For over two decades, domestic workers in Indonesia, the vast majority of them women, have been advocating for their rights to no avail. Millions of Indonesian women and girls work in private households as domestic workers, but despite their critical role in the economy, they remain unprotected under Indonesian labor laws. This, along with the fact that these workers are isolated inside the employer’s home, means that many experience horrific psychological, physical, and sexual abuse at the hands of their employers.
Lita Anggraini, national coordinator of Jala PRT, Indonesia’s National Network for Domestic Workers Advocacy, said: “Domestic workers are workers. They provide essential services. But domestic workers are denied access and claim to basic rights and protection. They face some of the harshest working conditions, with many describing their situation as modern slavery. And yet, the state is absent.”
Indonesia's new president, Prabowo Subianto, has the opportunity to take a bold step toward guaranteeing these workers’ rights by getting parliament to pass the Domestic Workers' Protection Bill (PPRT) and ratify both the International Labour Organization’s Domestic Worker’s Convention and the Violence and Harassment Convention.
Discriminatory gender norms often devalue domestic labor as mere “women’s work.” This devaluation is compounded by the fact that many domestic workers enter the profession as children, some as young as 12. The lack of enforcement of a minimum age of 15 for all sectors of work and the lack of legal recognition of domestic workers as workers leave hundreds of thousands of women and girls exposed to exploitation and abuse.

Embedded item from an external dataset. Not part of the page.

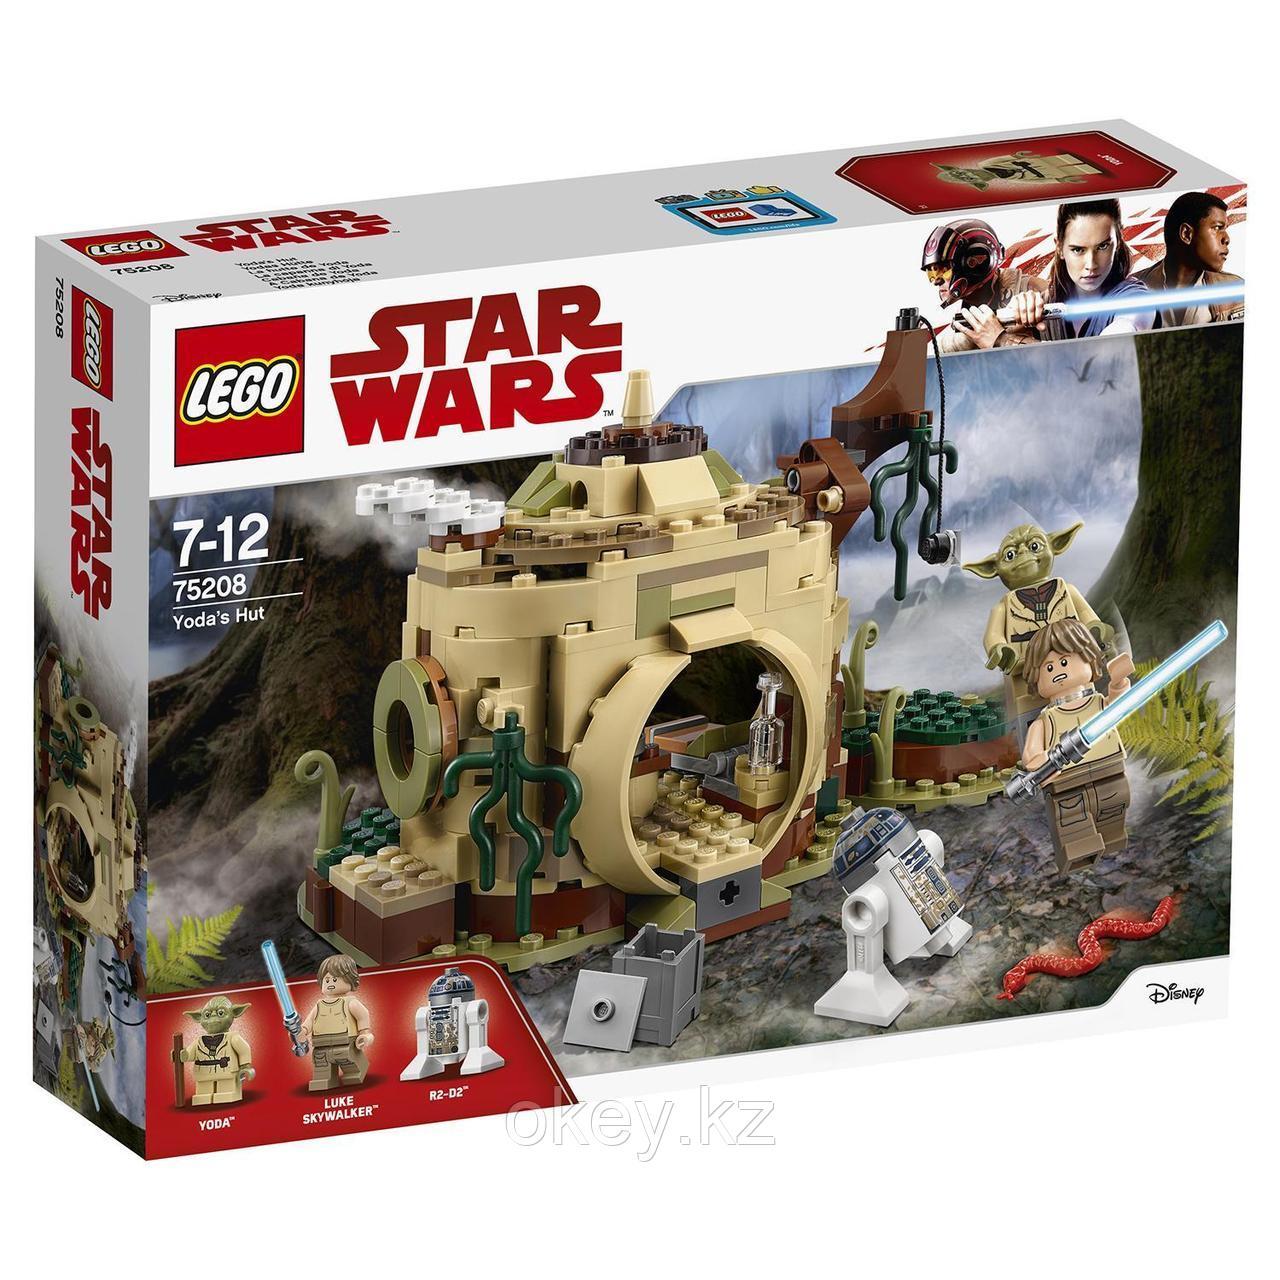 LEGO Star Wars: Хижина Йоды 75208

Despite years of advocacy by activists, trade unions, civil society groups, and human rights organizations, including Human Rights Watch, previous Indonesian governments have not taken steps to bring needed reforms. Jala PRT has spent two decades advocating for parliament to pass the Domestic Workers’ Protection Bill, which contains significant improvements for the recognition of domestic workers’ rights, including protection from violence and exploitation. Yet this bill has been stalled for 20 years in parliament due to a persistent lack of political will.
The Indonesian government should not delay any longer and pass the bill, recognizing the legal protections its millions of domestic workers are entitled but have long been denied.